Это правда. Но не вся. А загвоздка именно в телефоне. Каким-то образом узнав номер, мой бывший супруг повадился названивать ей. Чисто словесные шашни под предлогом общей склонности к живописи. Виктор мечтал стать когда-нибудь художником. Напрасно: при общей одаренности как раз этого таланта он лишен. Покойница-бабушка сказала бы: “Он умеет нарисовать кошку спереди и кошку — сзади”, но это все. Твердая рука, верный глазомер, безличная мазня ремесленника. У меня не хватило жестокости сказать ему об этом. Сначала потому, что верилось — такому все доступно, стоит лишь взяться всерьез: талант спит, но он вспыхнет, иначе быть не может. А в конце, когда сообразила, что мечта в скачковском душевном хозяйстве нужна, не чтобы ее осуществить, а чтобы, ею прикрывшись, не осуществлять ничего другого, говорить стало поздно — теперь это был бы мстительный прощальный удар ниже пояса.

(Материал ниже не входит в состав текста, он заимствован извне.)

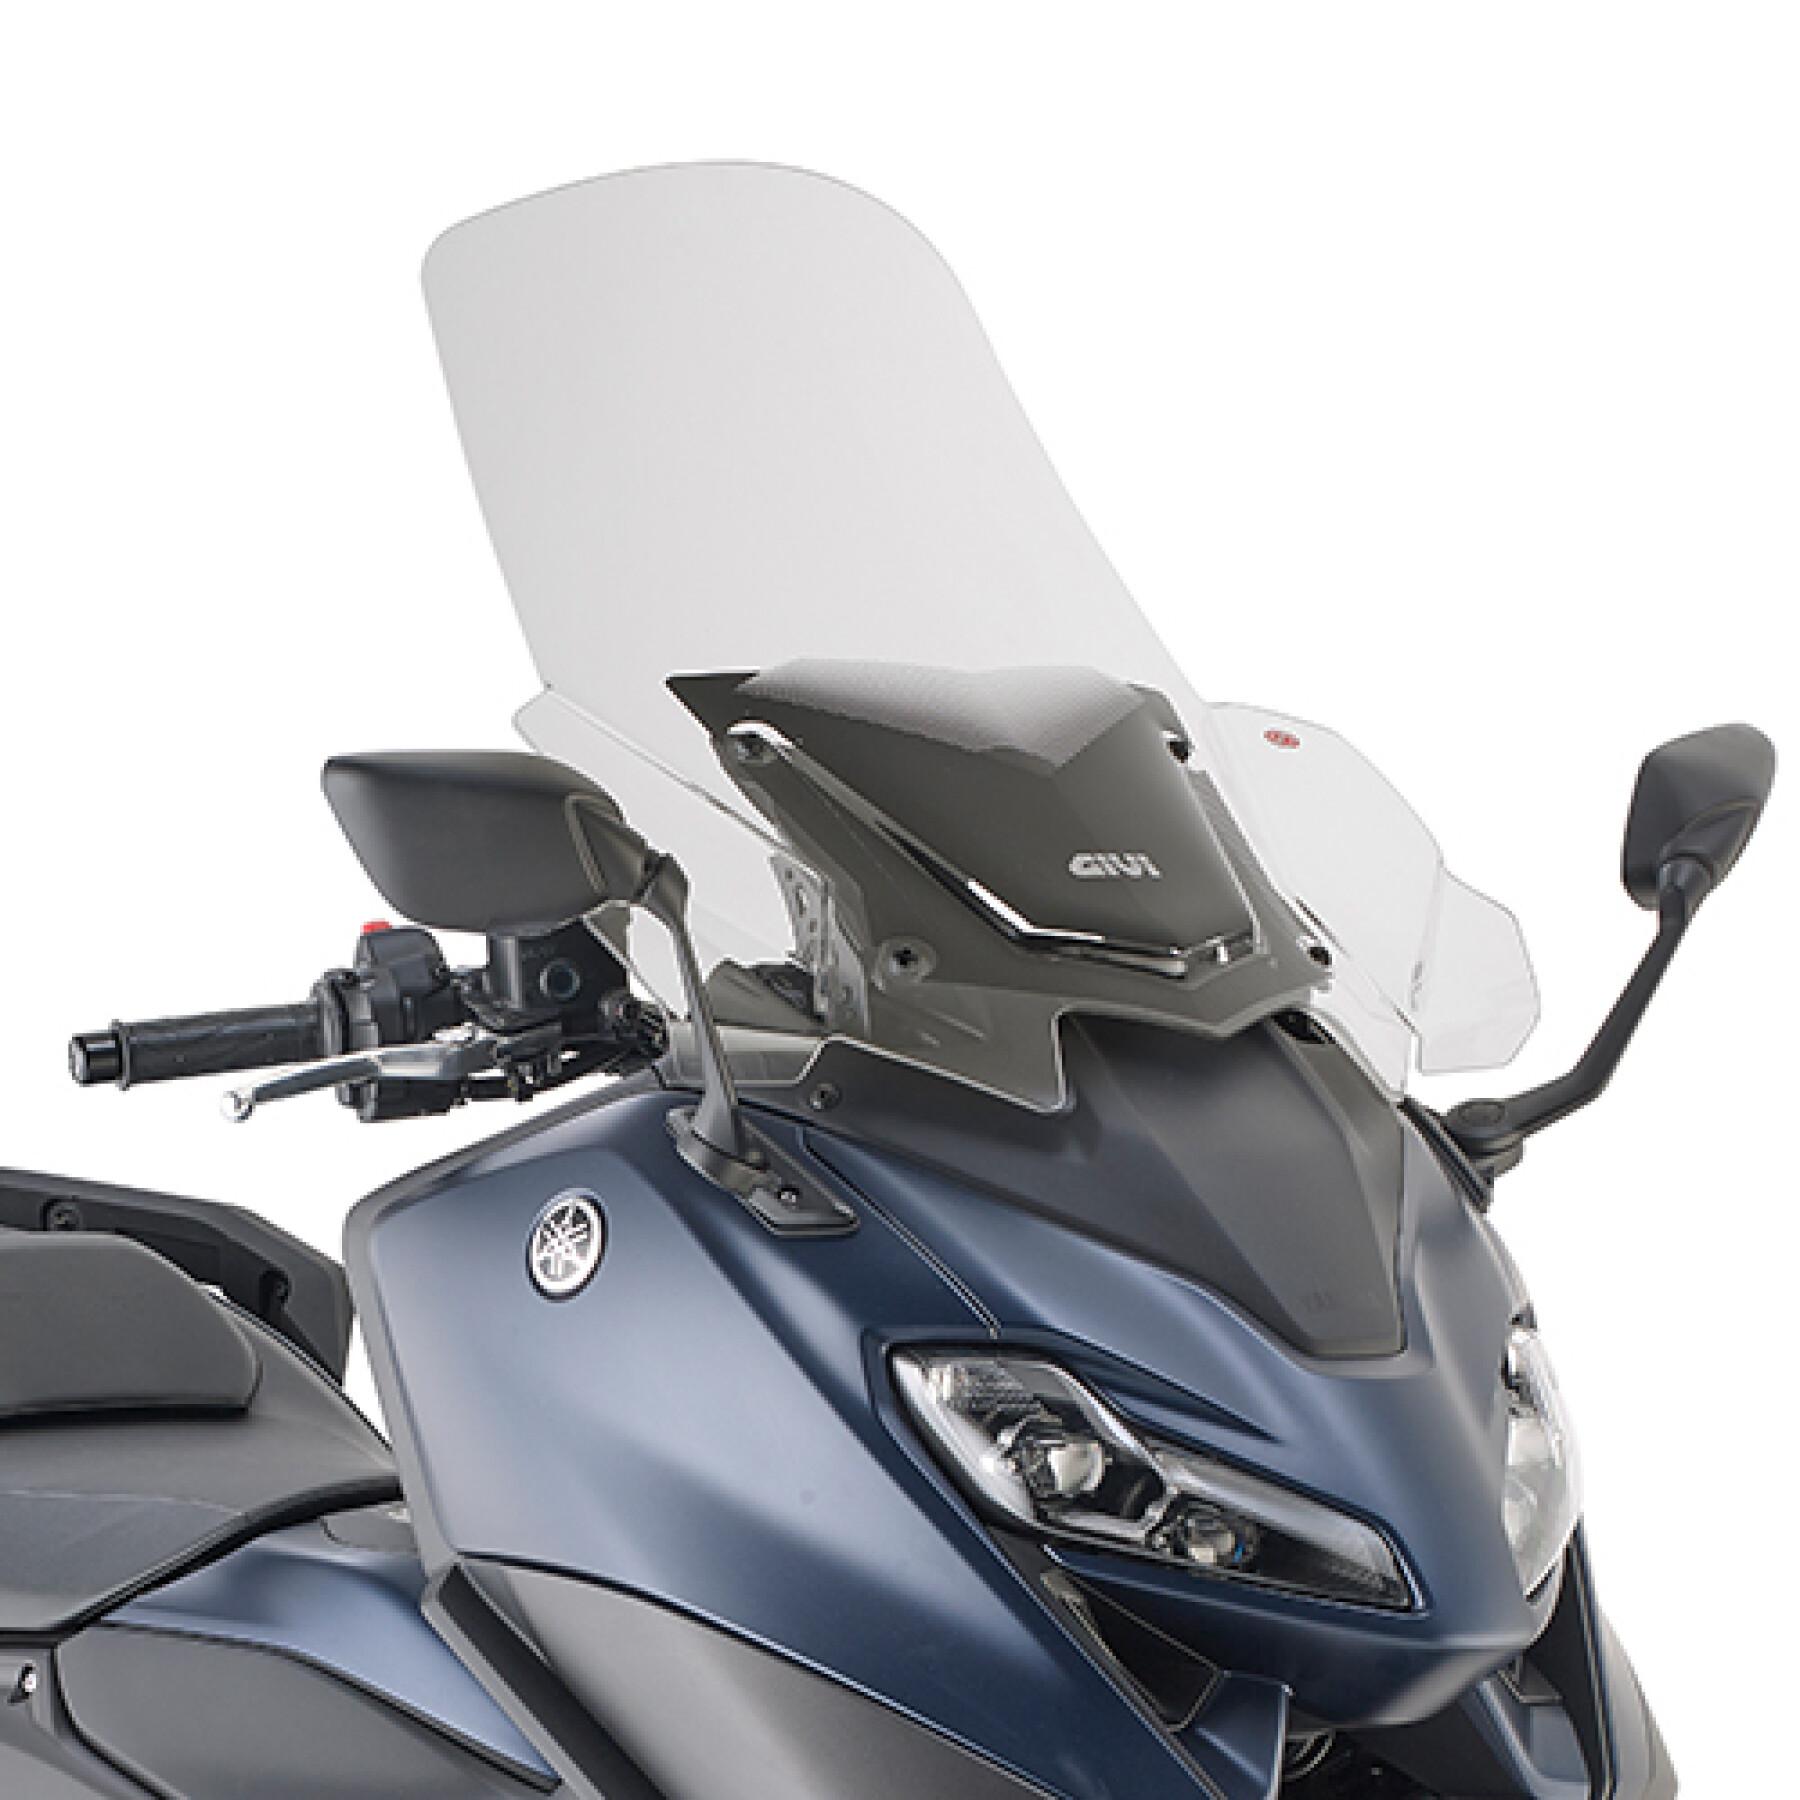 Windschutzscheibe Givi Yamaha T-max 560 (2022)

— Ван-Гог? Он-то да, конечно… Сезанн? Может быть, хотя, по-моему, тут… Нет, насчет Гогена я тебе прямо скажу… А, ты так? Ну уж, пожалуйста, не выдумывай! Со мной и с тем, что я люблю, а что наоборот, тебе так просто не разобраться. Даже не надейся! Вот еще! Я совсем другое имела в виду… Слушай! Мне кажется, ты все время себя за что-то грызешь. Это непродуктивное состояние. Если ты в чем-то и виноват, лучше простить себе! Именно! Когда себя любишь, больше надежды, что сможешь быть добрым и к другим людям тоже! Хо-хо-хо, в остроумии тебе не откажешь!… Нет, на той выставке не была. И не пойду, надоели… Что? Да, здесь. Хочешь поговорить? Шурк, тебя!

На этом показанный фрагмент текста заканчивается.